From the North Sea to the Adriatic, all Europe was now in arms. Great armies were marching in every direction; some along the deep valley of the Danube, others from the rich plains of Poland and Silesia; some were passing the Alps into Italy, and some again were pouring down for the Tyrol “Jochs,” to defend the rocky passes of their native land against the invader. Patriotism and glory, the spirit of chivalry and conquest, all were abroad, and his must indeed have been a cold heart which could find within it no response to the stirring sounds around. To the intense feeling of shame which I at first felt at my own life of obscure inactivity, there now succeeded a feverish desire to be somewhere and do something to dispel this worse than lethargy. I had not resolution to tell my comrades that I had served; I felt reluctant to speak of a career so abortive and unsuccessful; and yet I blushed at the half pitying expressions they bestowed upon my life of inglorious adventure.

“You risk life and limb here in these pine forests, and hazard existence for a bear or a chamois goat,” cried one, “and half the peril in real war would perhaps make you a Chef d’Escadron, or even a general.”

“Ay,” said another, “we serve in an army where crowns are military distinctions, and the epaulet is only the first step to a kingdom.”

“True,” broke in a third, “Napoleon has changed the whole world, and made soldiering the only trade worth following. Massena was a drummer-boy within my own memory, and see him now! Ney was not born to great wealth and honors. Junot never could learn his trade as a cobbler, and for want of better has become a general of division.”

“Yes, and,” said I, following out the theme, “under that wooden roof yonder, through that little diamond-paned window the vine is trained across, a greater than any of the last three first saw the light. It was there Kleber, the conqueror of Egypt was born.”

“Honor to the brave dead!” said the soldiers from their places around the fire, and carrying their hands to the salute. “We’ll fire a salvo to him to-morrow before we set out!” said the corporal. “And so Kleber was born there!” said he, resuming his place, and staring with admiring interest at the dark outline of the old house, as it stood out against the starry and cloudless sky.

It was somewhat of a delicate task for me to prevent my companions offering their tribute of respect, but which the old peasant would have received with little gratitude, seeing that he had never yet forgiven the country nor the service for the loss of his son.

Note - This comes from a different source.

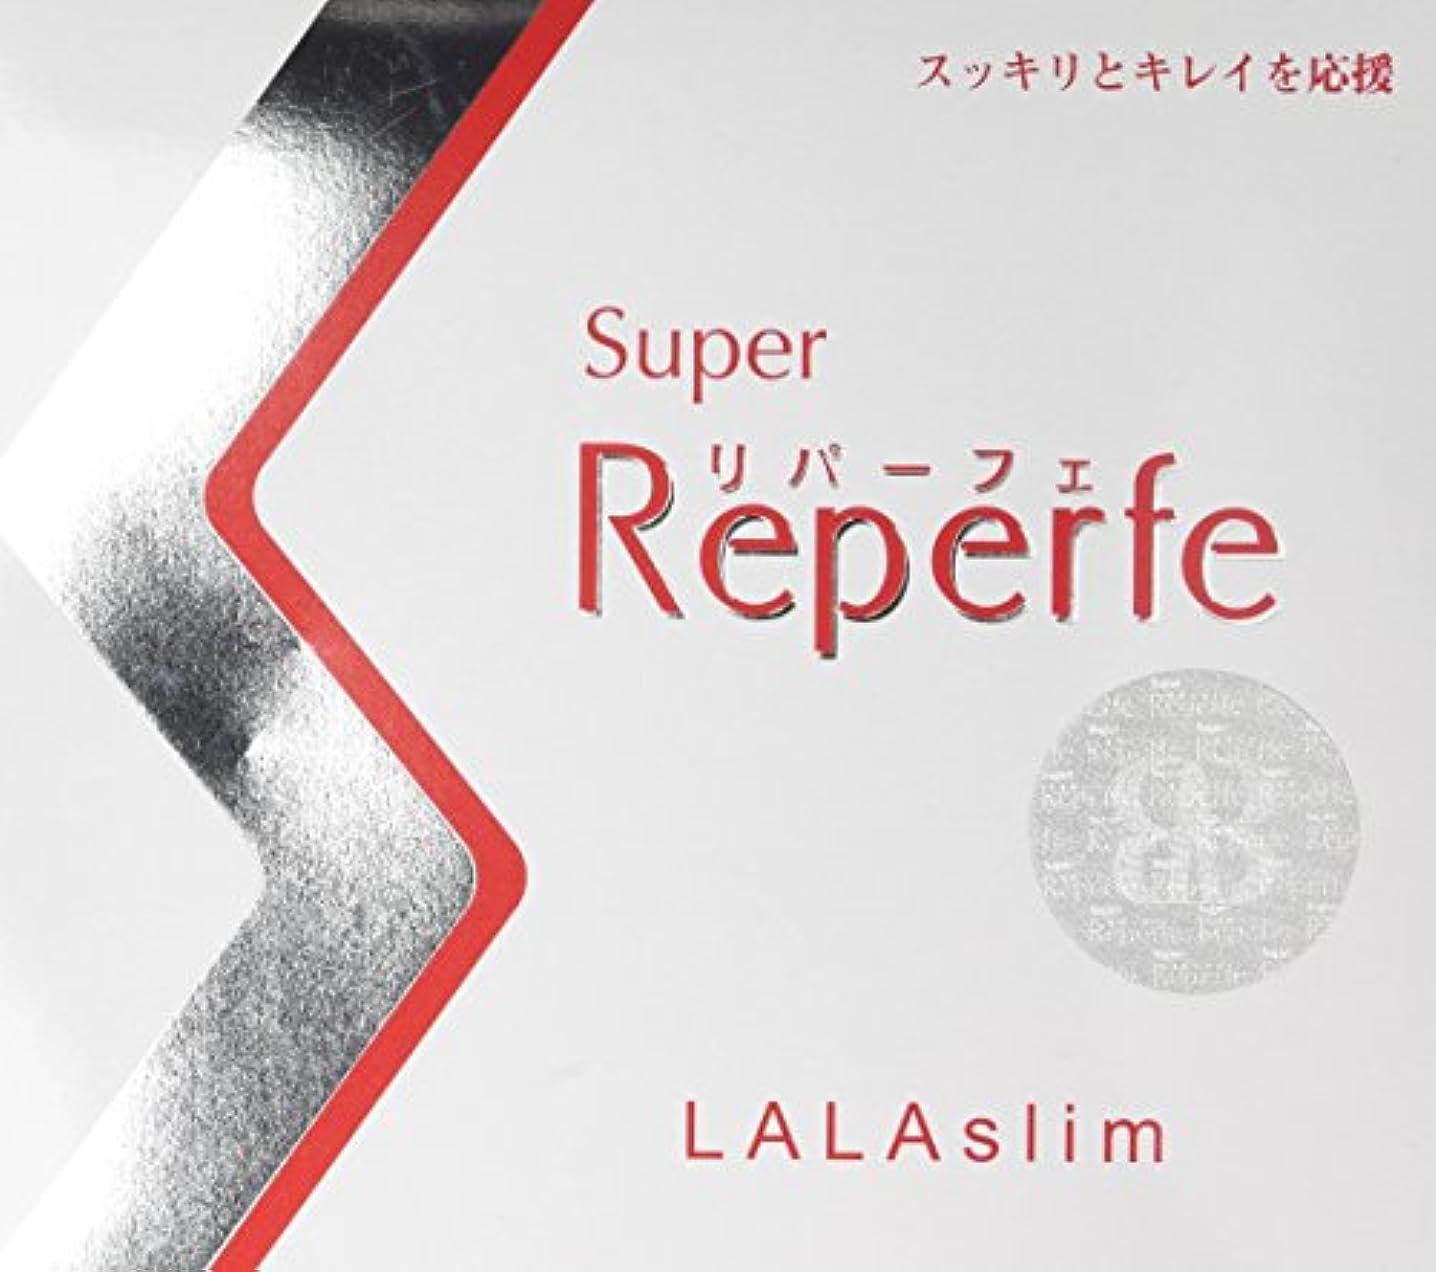 不平を言う甘味不十分なスーパーリパーフェ ララスリム 錠剤タイプ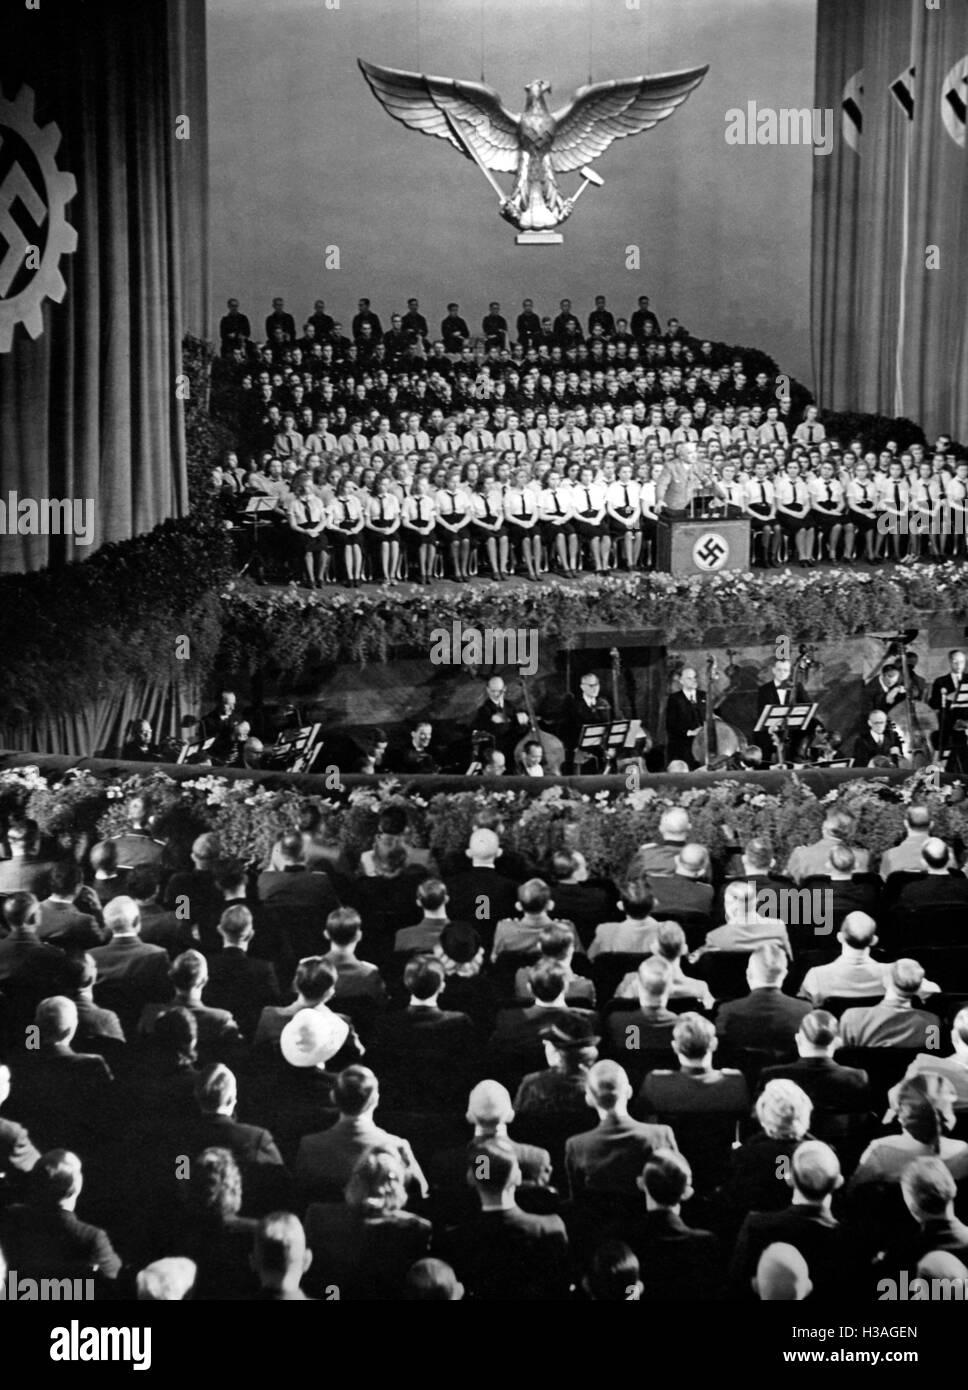 Robert Ley bei der Eröffnung des Kriegsberufswettkampf der deutschen Jugend in der Berliner Krolloper, 1943 Stockfoto

With some management I accomplished this duty, however, promising my services at the same time to be their guide through the Bregenzer Wald, and not to part with them till I had seen them safely into Bavaria.

Had it not been for my thorough acquaintance with the Tyroler dialect, and all the usages of Tyrol life, their march would have been one of great peril, for already the old hatred against their Bavarian oppressors was beginning to stir the land, and Austrian agents were traversing the mountain districts in every direction, to call forth that patriotic ardor which, ill-requited as it has been, has more than once come to the rescue of Austria.